I was blessed to have my grandparents to raise me, but as they grew older, my grandma passed away...I stayed with my grandfather while I was studying my master's degree. Later on, my biological father died leaving me with so many questions unanswered, I had only met him twice in my life. That same year, two of the people who went with me to my biological father's wake died, my mother's cousin, who was very close to me, and my grandfather. My life started to fall apart. Months later I joined a mental institution because I knew I needed the help but before I could use what I had learned my biological mother dies just when she had moved in with me...she told me she was never going to leave me although we didn't get along for most of my life, but when my grandfather, her father, died we grew close and I understood her depressions. It's been about six months and I have been struggling. I joined this group to know if there are people out there who understand what I'm going through...the feeling of loneliness, emptiness...
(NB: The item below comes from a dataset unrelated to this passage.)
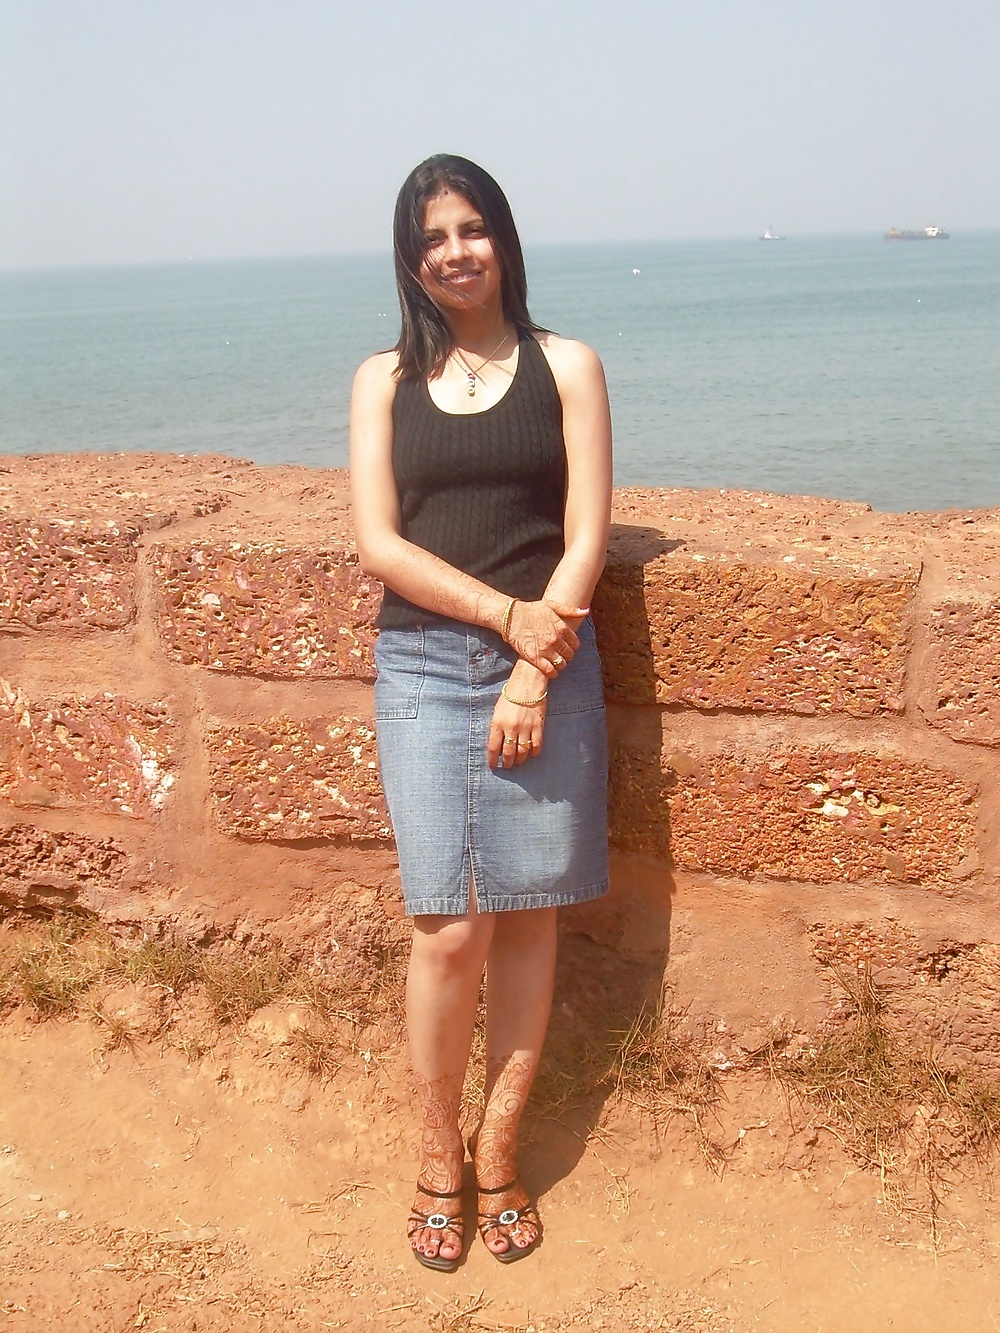 Goa vacanza hot pics di ragazze indiane
 #27361012

Thomas, this is my 2nd holiday season without my parents and it might be a little bit easier than the first but it is still very scary and painful. I'm sorry... I would love to tell you that it is easier but it still hurts more than I can bear. Yesterday, I was washing clothes and the smell of Downy made me burst into tears. Normally, today I would be preparing stuff to take to my mom's for Thanksgiving but I don't get to do that now. I just don't think it's ever gonna be easy--- ya know?